### Your task
Here the job is to transcribe the data verbatim while leaving each picture out.

### Collected data
::::::
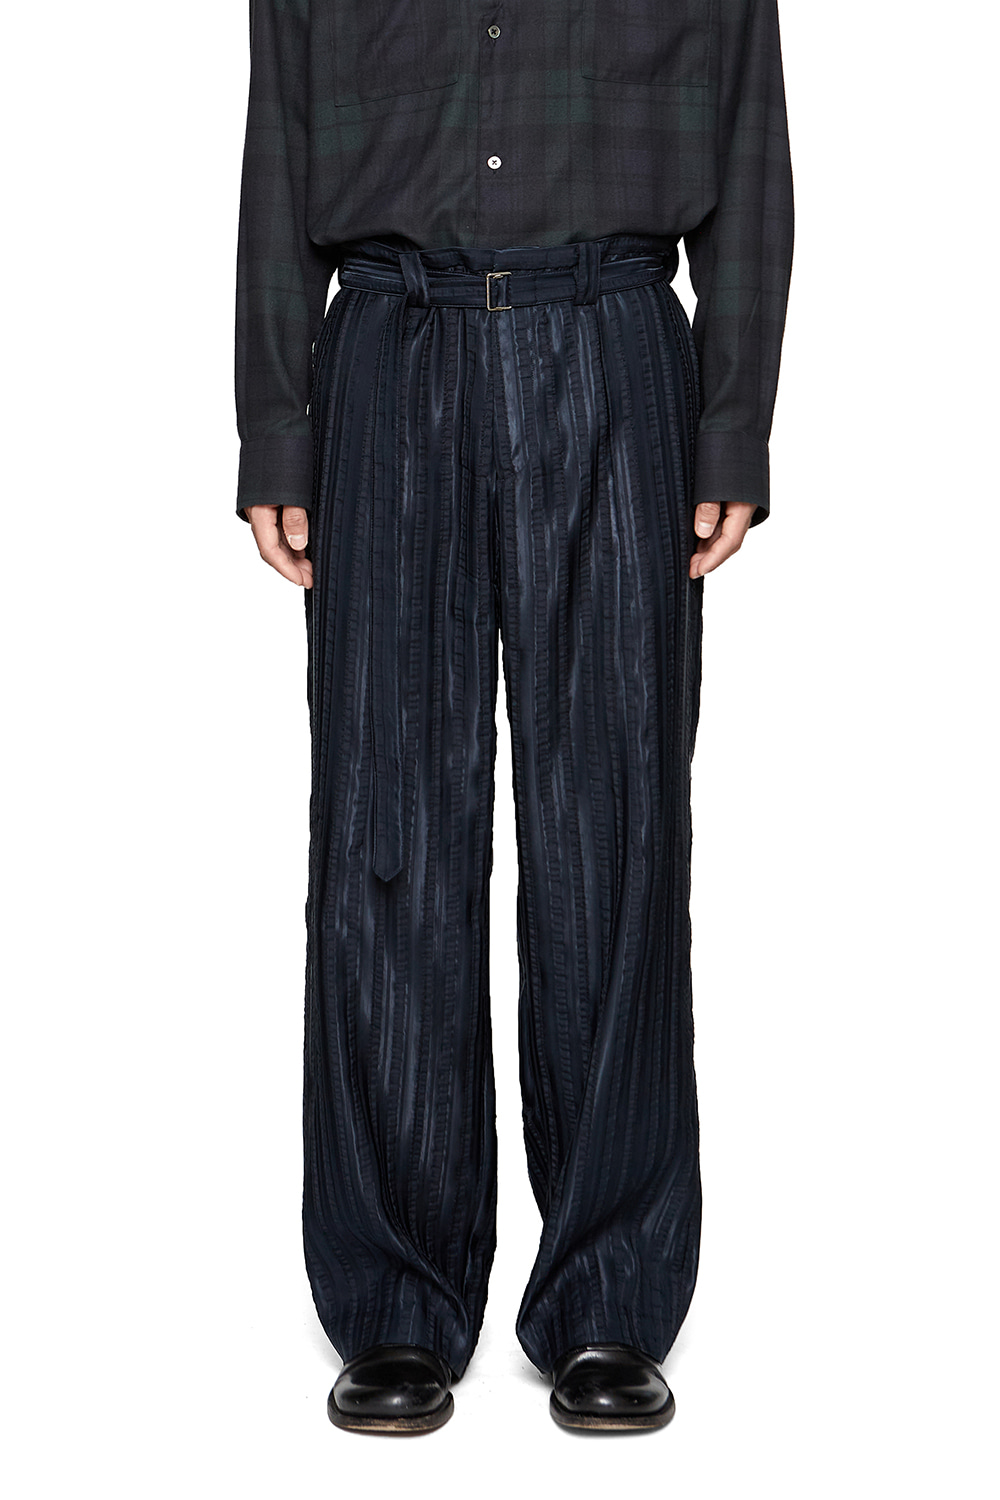 Darted Trousers Jacquard Stripe Navy
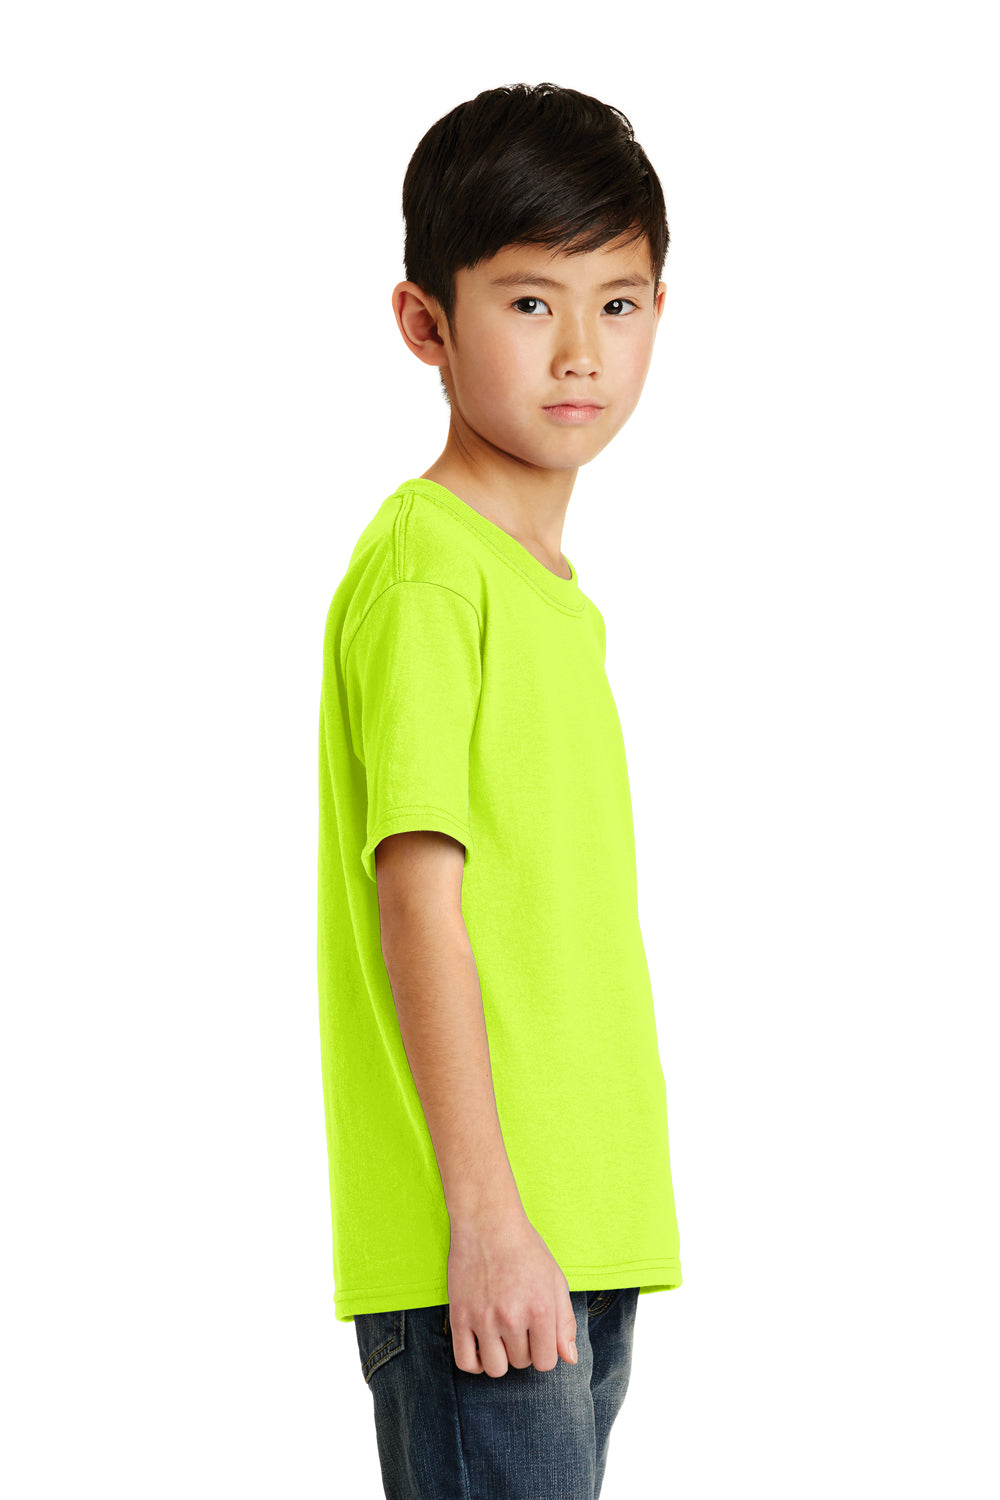 Port & Company PC55Y Youth Core Short Sleeve Crewneck T-Shirt Safety Green Side
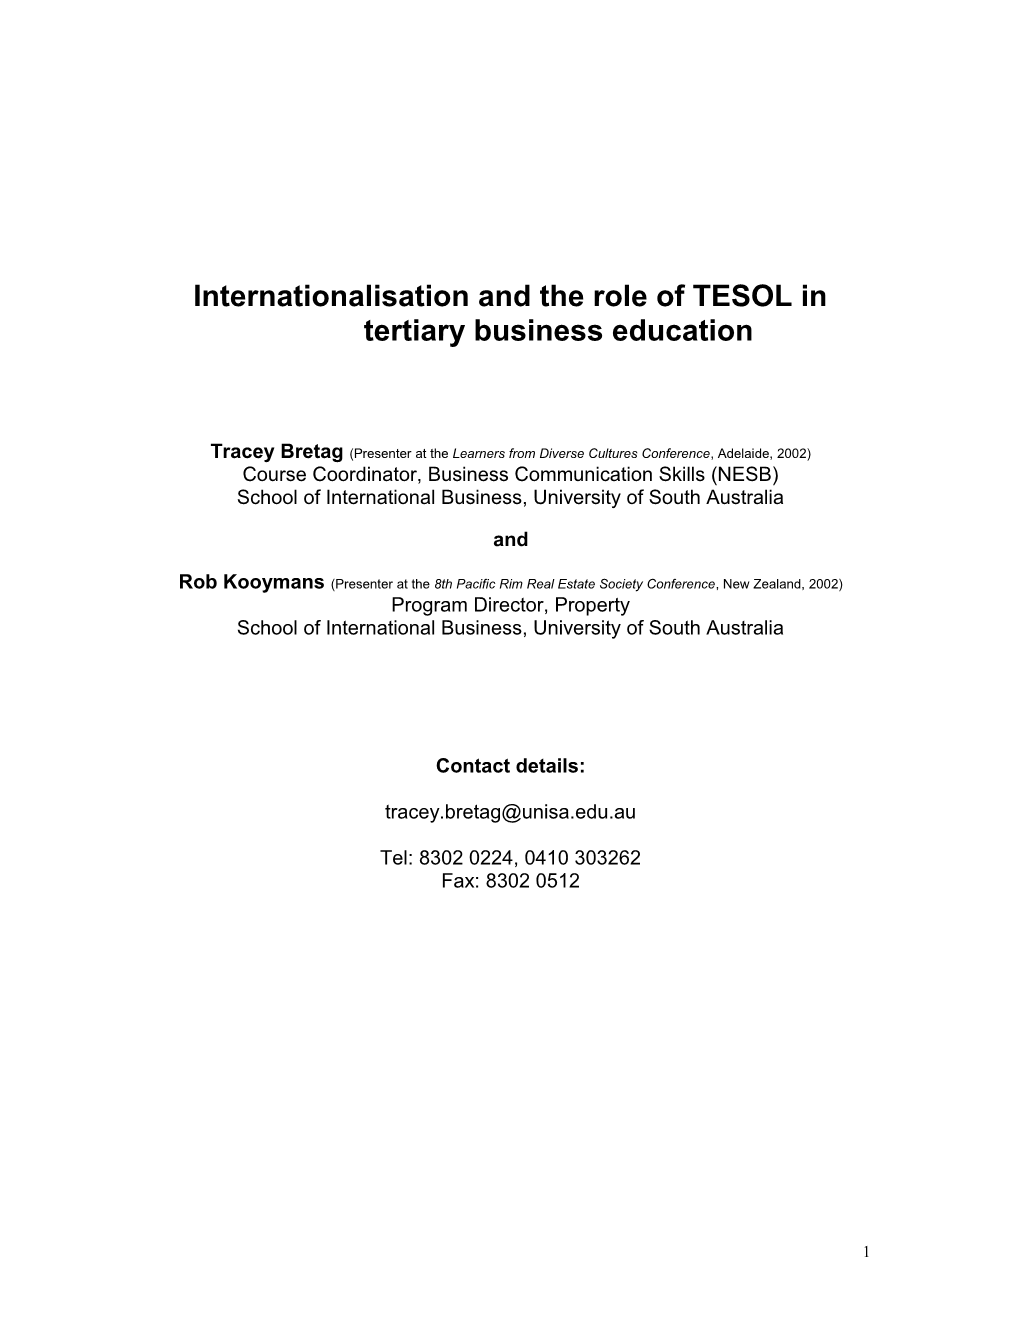 Internationalisation and the Role of TESOL in Tertiary Business Education
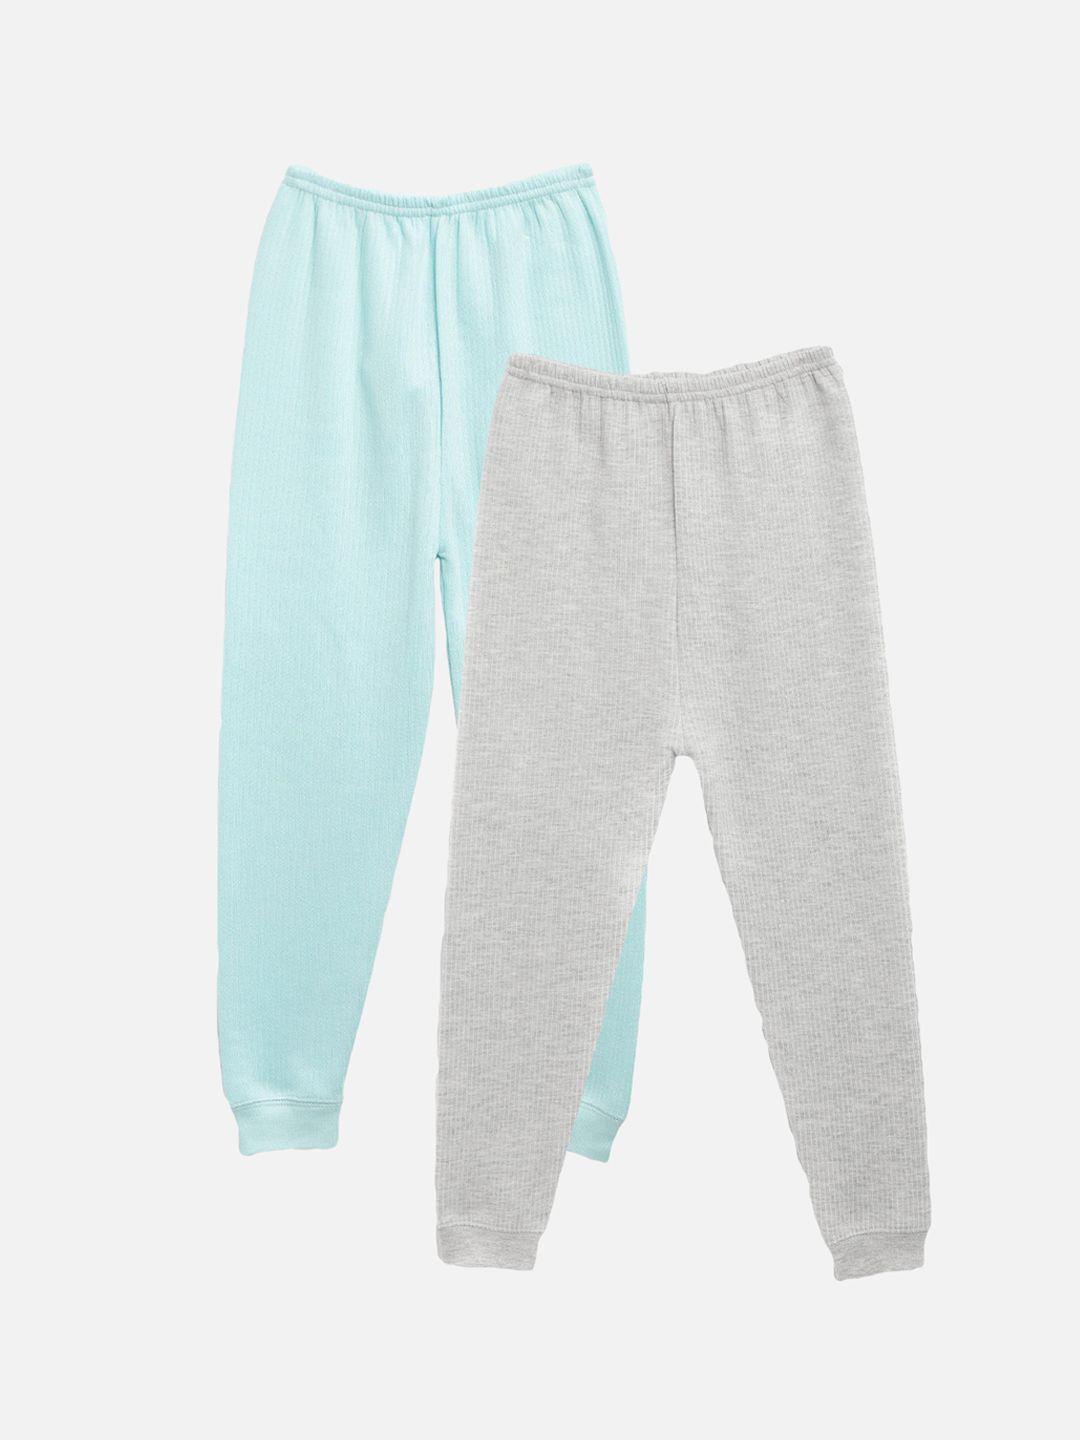 kanvin boys pack of 2 grey and turquoise blue thermal bottoms
::::::
### Answer to this problem
 Darted Trousers Jacquard Stripe Navy
 Port & Company PC55Y Youth Core Short Sleeve Crewneck T-Shirt Safety Green Side
 Internationalisation and the Role of TESOL in Tertiary Business Education
 kanvin boys pack of 2 grey and turquoise blue thermal bottoms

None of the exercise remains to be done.